Petroleum Product of the Week: Plastic Bags

Petroleum Product of the Week: Plastic Bags

By on Jul 29 2016

There was once a drawer in your kitchen that served a higher purpose.

It held forks, knives, and spoons or pens, wrenches, and screwdrivers: generally anything small enough to fall within its strict 4-inch height requirement. Now it serves a different purpose; and the inside of this wooden box has become somewhat of a sorry state of affairs.

This drawer holds plastic bags. Nothing else. Just plastic bags. Use one a day, or twenty doesn't matter. It never changes. It's. Just. So. Much. Plastic.

160,000 bags per second. Visit theworldcounts.com to find more counters like this.

Because of their seeming omnipresence in most American households (note: plastic grocery bags have been in use since the 1960s), plastic bags don't seem to perplex the human mind enough for anyone to question their origins. Of course, if you've made it this far, you probably know where we're heading.

Some modern plastic bags (sounds like they would have tons of cool features to offer) are made from what are called bio-plastics, which are produced from vegetable-bases. Being readily biodegradable, these bags are the preferable choice, considering most plastic bags if they ever escape from your drawer are simply thrown in the trash.

Still, most plastic bags are made from petroleum bases.

If you won't recycle them for yourself, do it for the bags. Look at how lonely...

An estimated 12 million barrels of oil are used yearly to manufacture plastic bags in the US alone. That's approximately 504 million gallons of crude oil in other words, a gallon for every individual user in the Twitter-sphere and an extra couple million on top of that. Compared to our yearly consumption of oil, the numbers aren't that extreme; but comparing our yearly consumption of oil to our consumption of virtually any other natural resource is startlingly unbalanced.

According to 1bagatatime.com, the average American disposes of 10 bags per week. Over the course of a year, this amounts to 520 bags, which equates to about 60 miles of driving. They continue:


"Think about how that adds up when you consider that the US has over 300 million people ...petroleum is a precious resource and bags should be too. Plastic deserves better. "

It's true. Moreover, the environment deserves better. Listen, it's not petroleum's fault that it's one of (if not) the most versatile and useful resources on the planet.
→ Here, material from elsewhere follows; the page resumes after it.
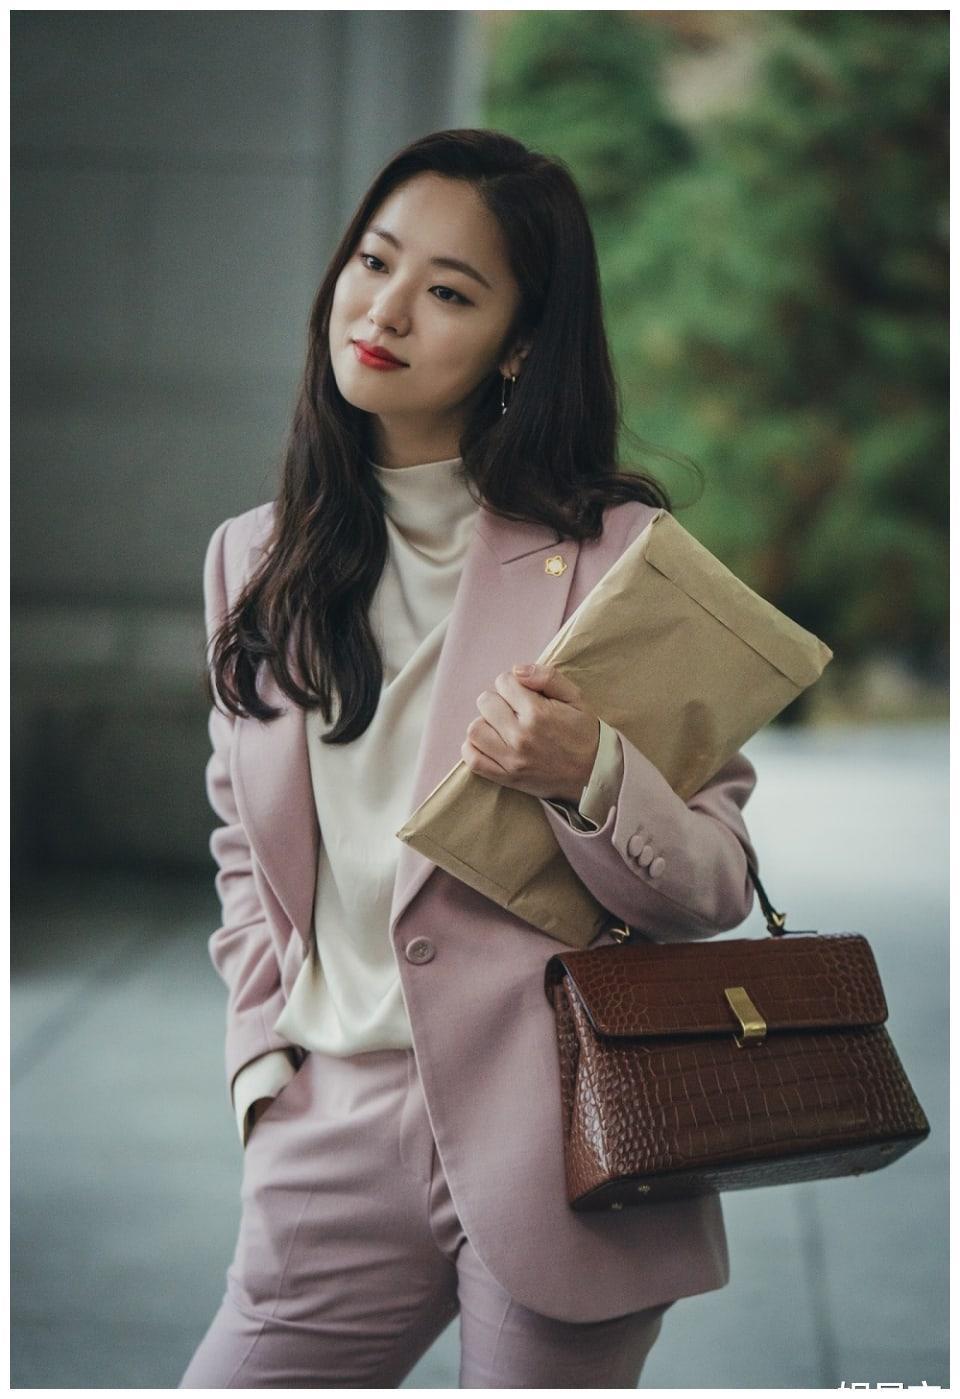 全汝彬在tvN电视剧《Vincenzo》剧中饰演竞争激烈的冷酷律师

The idea of plastic bags is brilliant low production cost, theoretically recyclable, and extremely convenient; but they can't be thrown in with your recyclables, are found littered throughout the environment, and do not degrade easily.

Even the ancient spice trade in Egypt has upgraded to plastic bags. It makes you wonder -- is the convenience really worth the potential harm?
Even the ancient spice trade in Egypt has upgraded to plastic bags. It makes you wonder -- is the convenience really worth the potential harm?

The internal systems in place for the reuse and recycling of plastic bags is laughable when compared to the obscenely high production rate.

The sheer amount of plastic that a single, small corner store rips through daily is actually shocking.

What's even more appalling is the common misconception that paper bags are the preferable alternative. According to Reuseit.com, it takes up to four times as much energy to manufacture a single paper bag as opposed to a plastic bag. Finally, even bags made of recycled cloth are far less environmentally-friendly than retailers would like you to believe according to theguardian.com:

"An Environment Agency report this year found that a resusable cloth bag would have to be taken out 131 times to reduce its environmental impact to that of a single-use plastic bag. "

Scary. So what is a responsible individual to do? Reuse, reuse, reuse.

And, uh...well...stop blaming petroleum for all your problems.